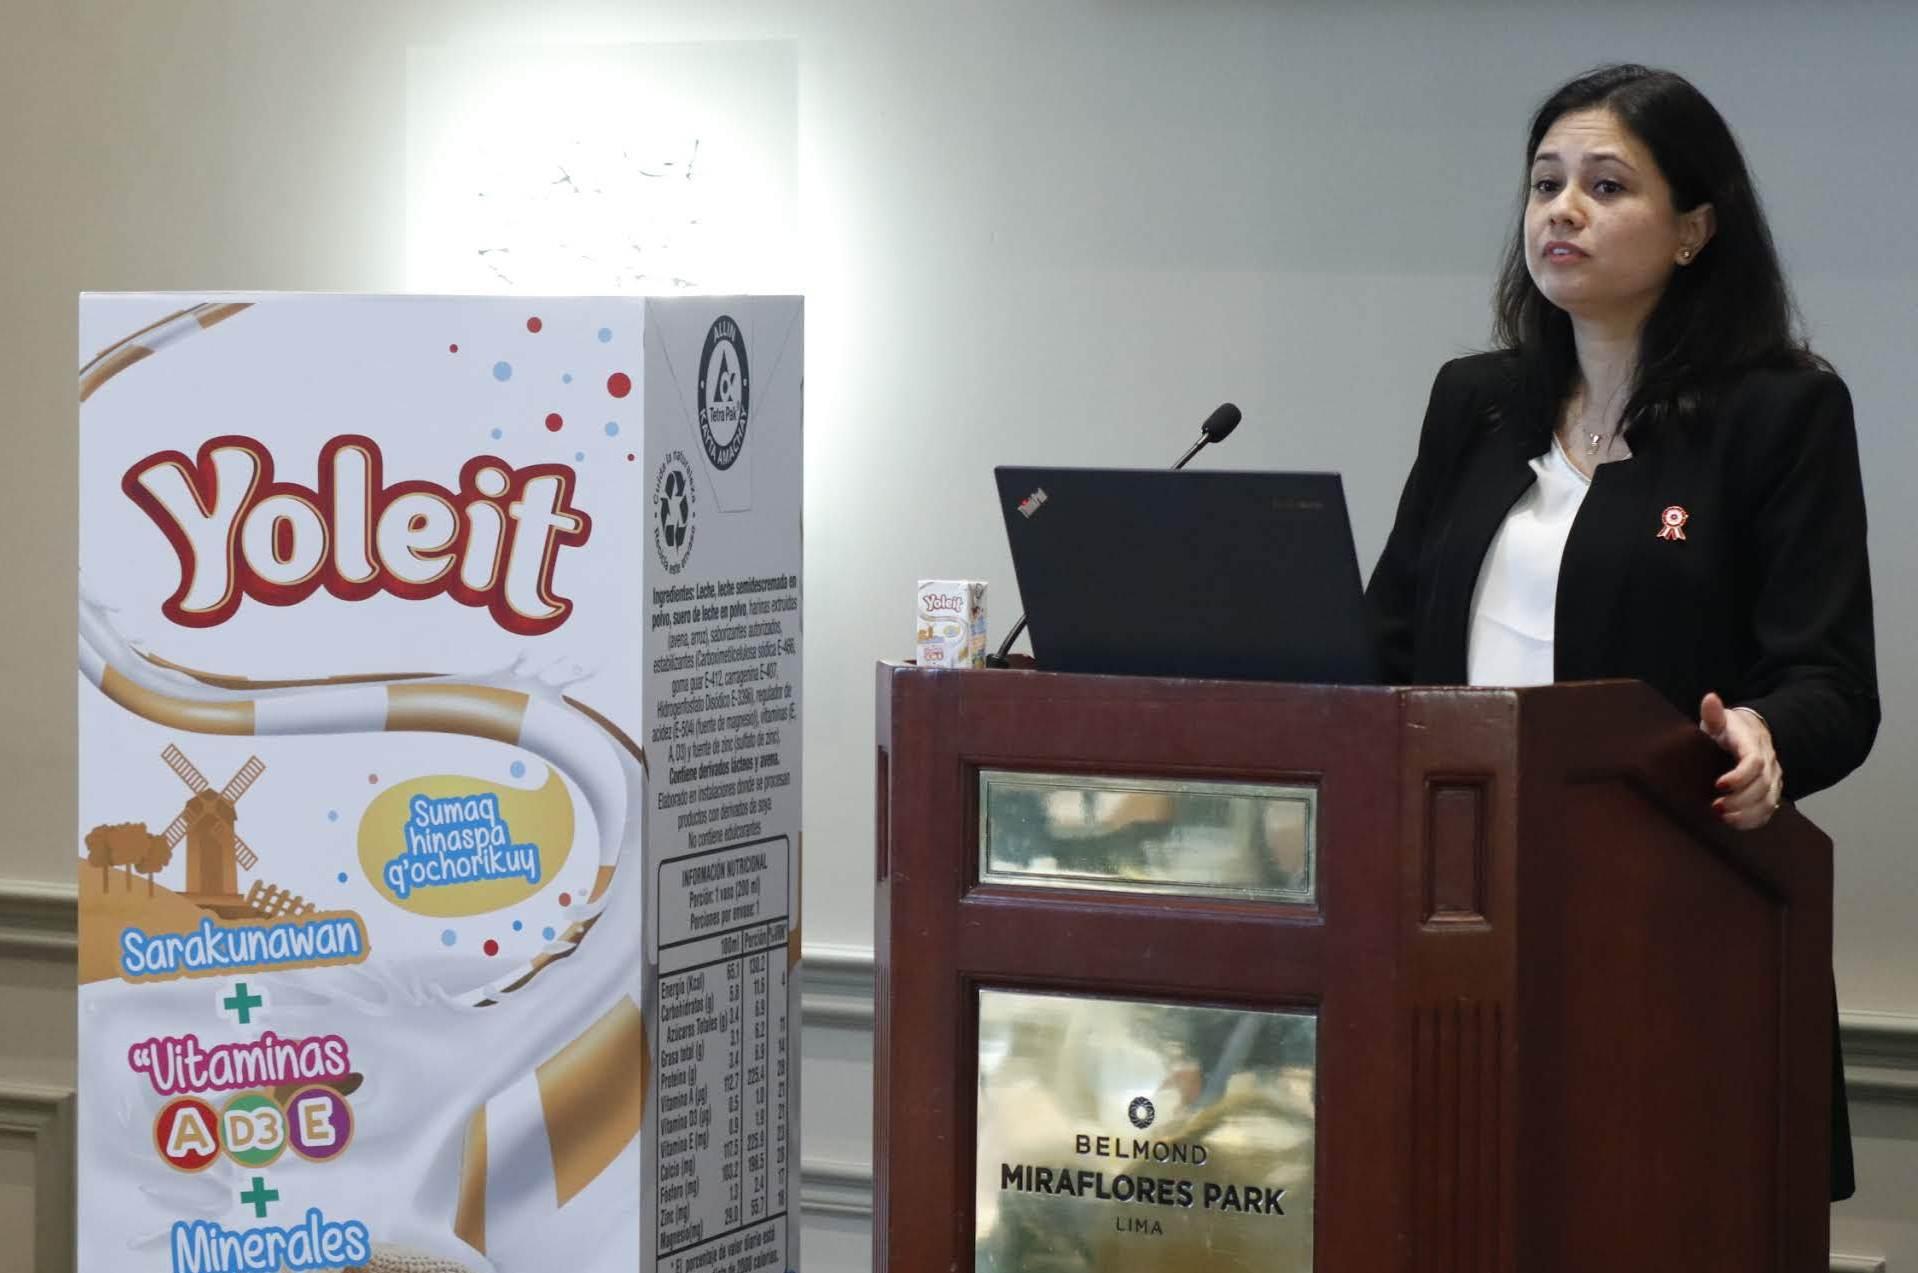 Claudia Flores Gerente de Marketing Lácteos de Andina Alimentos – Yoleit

* * *

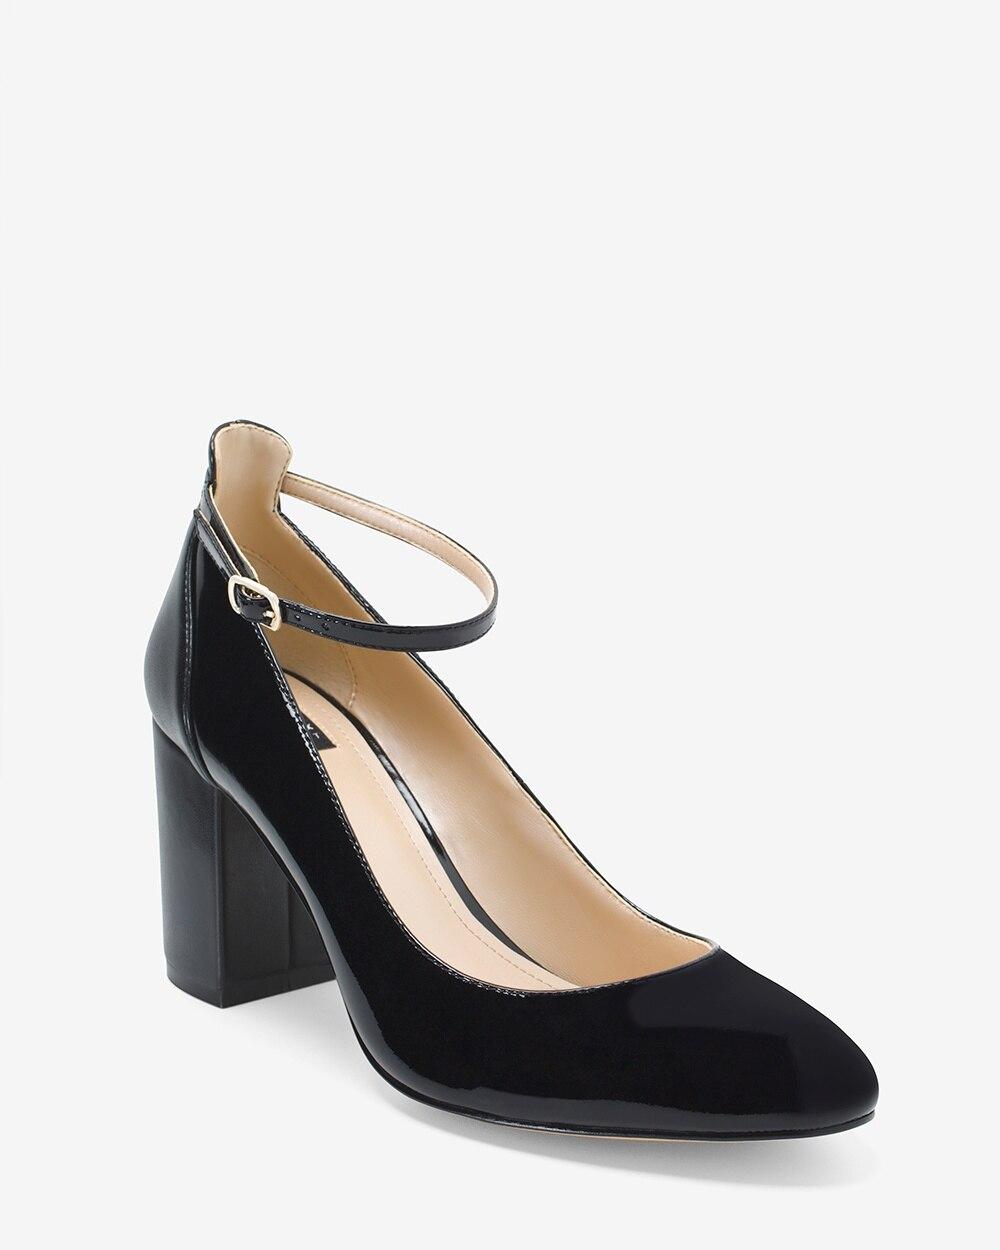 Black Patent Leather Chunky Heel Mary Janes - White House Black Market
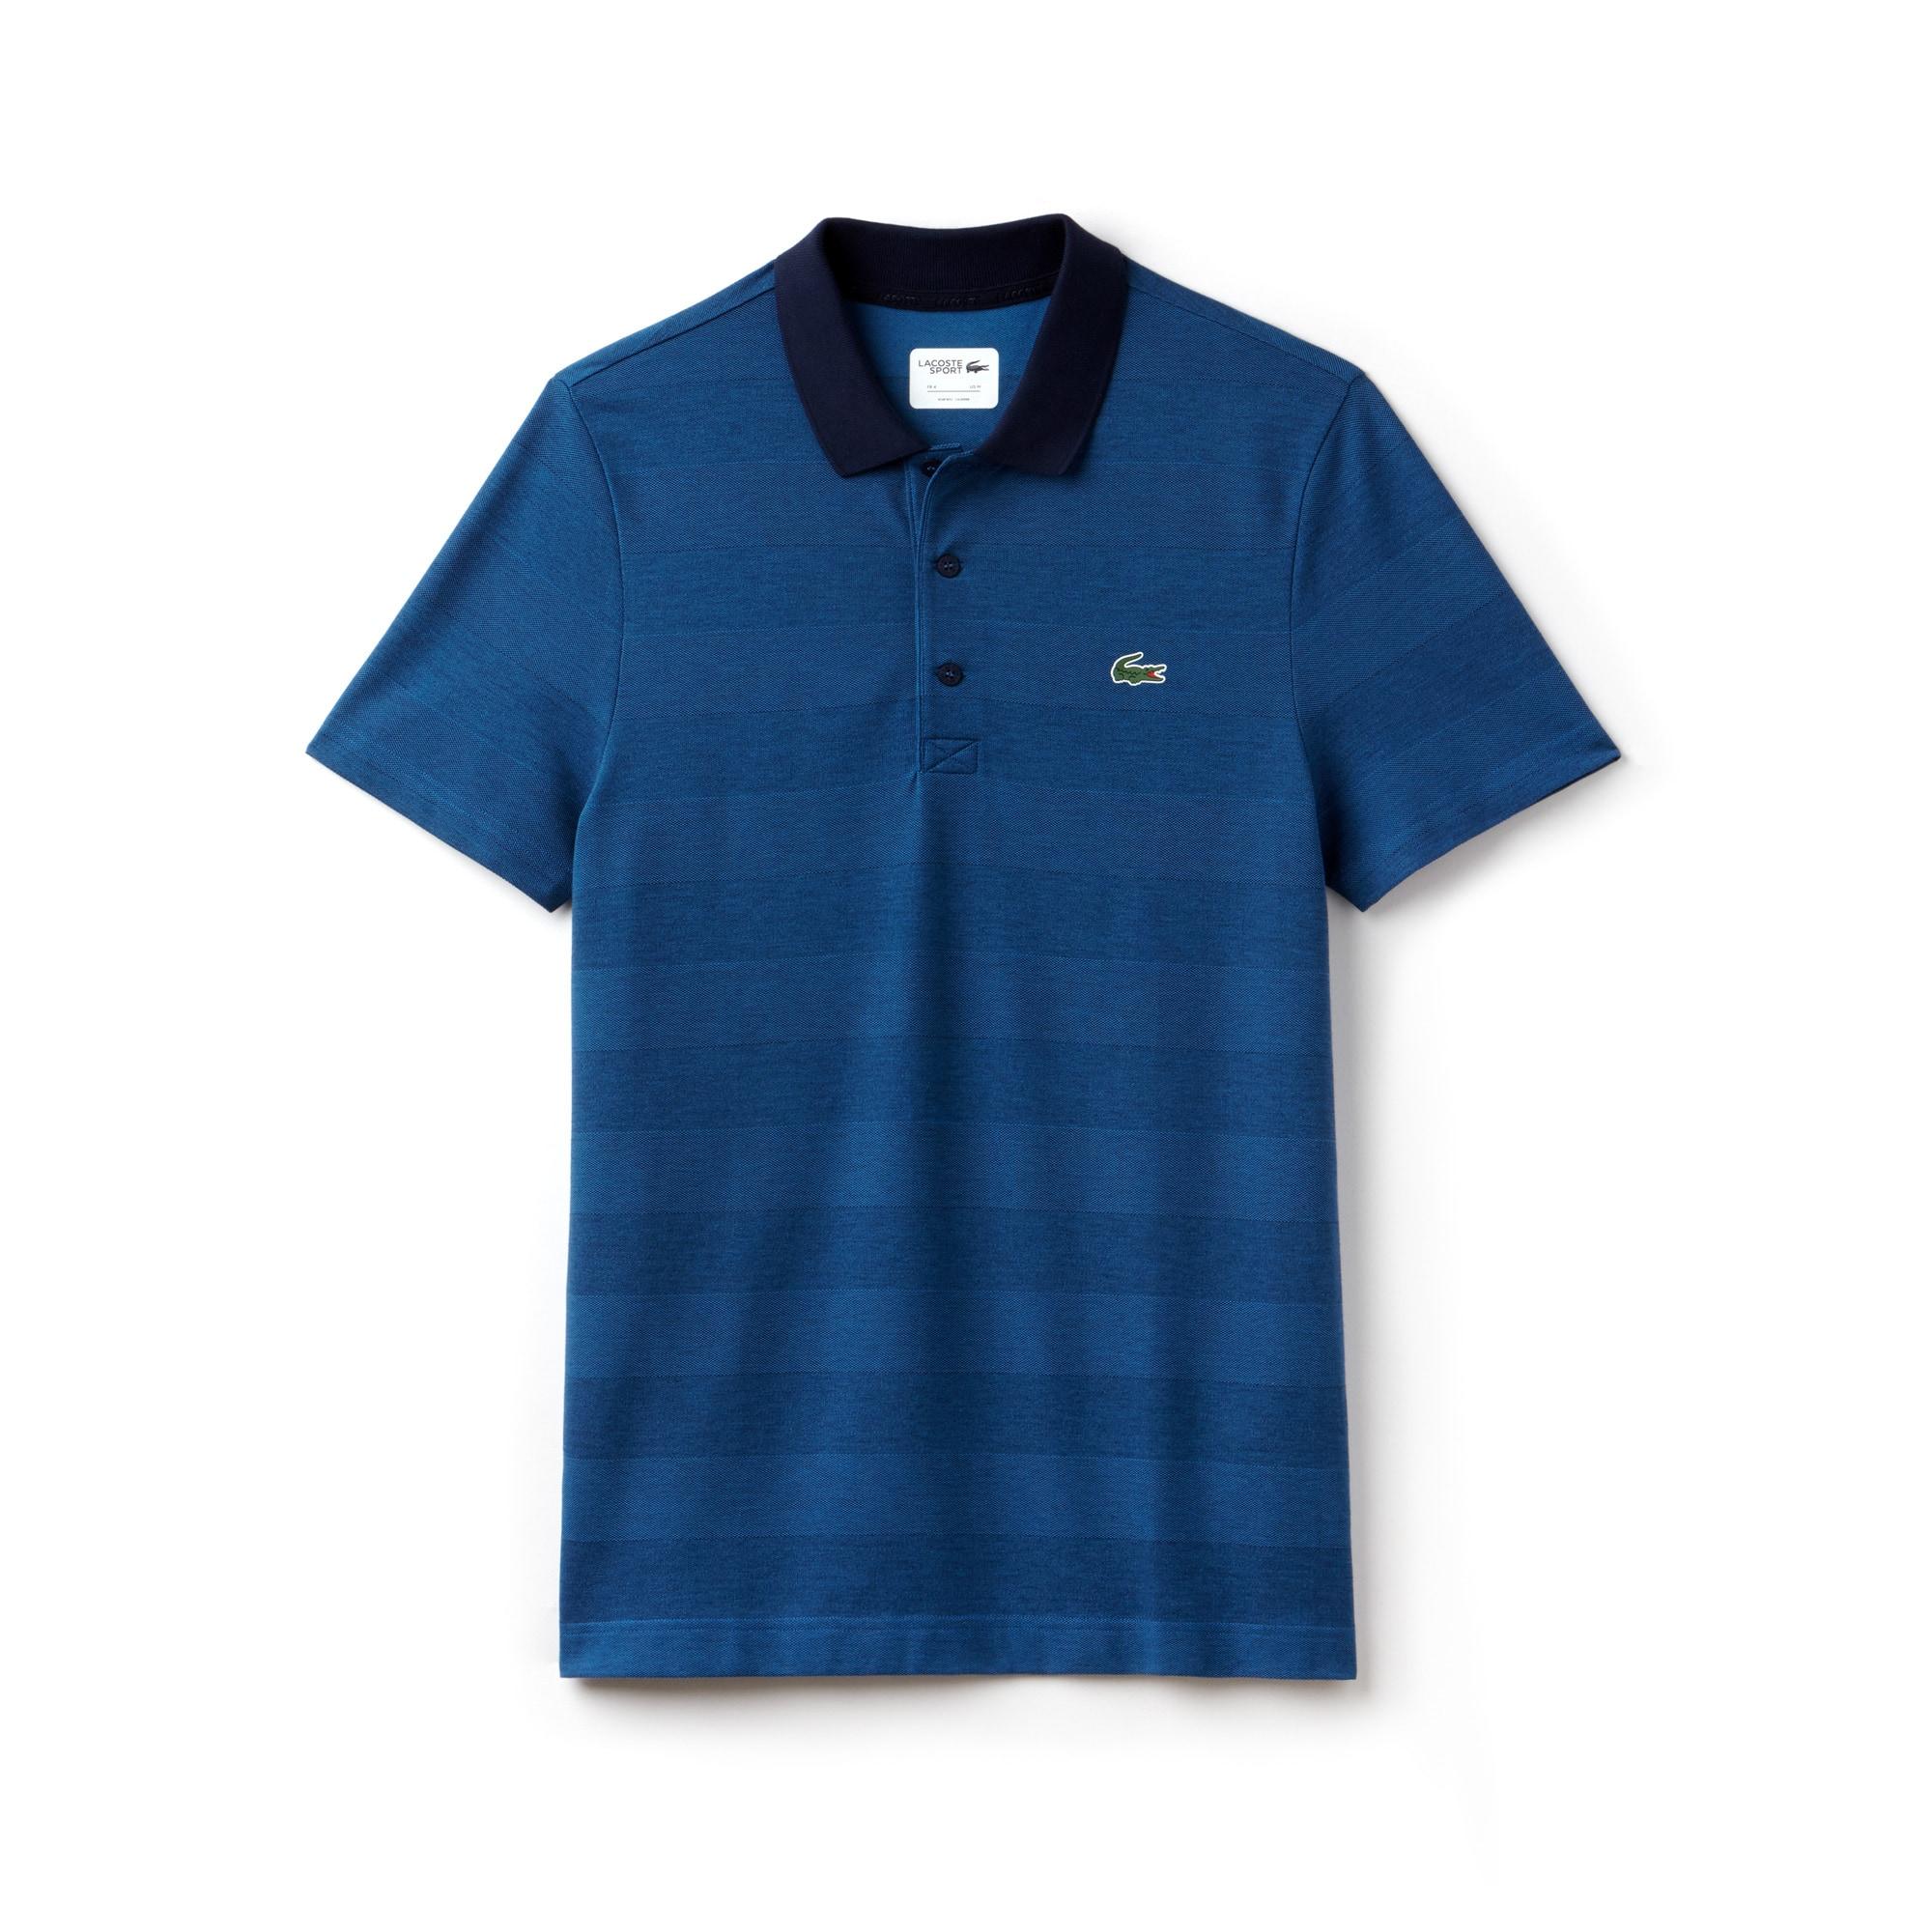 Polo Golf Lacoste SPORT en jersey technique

WORK ITEM: Print the part of the listing above that opens with the line containing "Black Patent Leather" and closes with the line containing "Polo Golf Lacoste SPORT en jersey technique". Copy it exactly, both ends included, and omit the pictures.

SOLUTION FOR THIS PROBLEM:
 Black Patent Leather Chunky Heel Mary Janes - White House Black Market
 Polo Golf Lacoste SPORT en jersey technique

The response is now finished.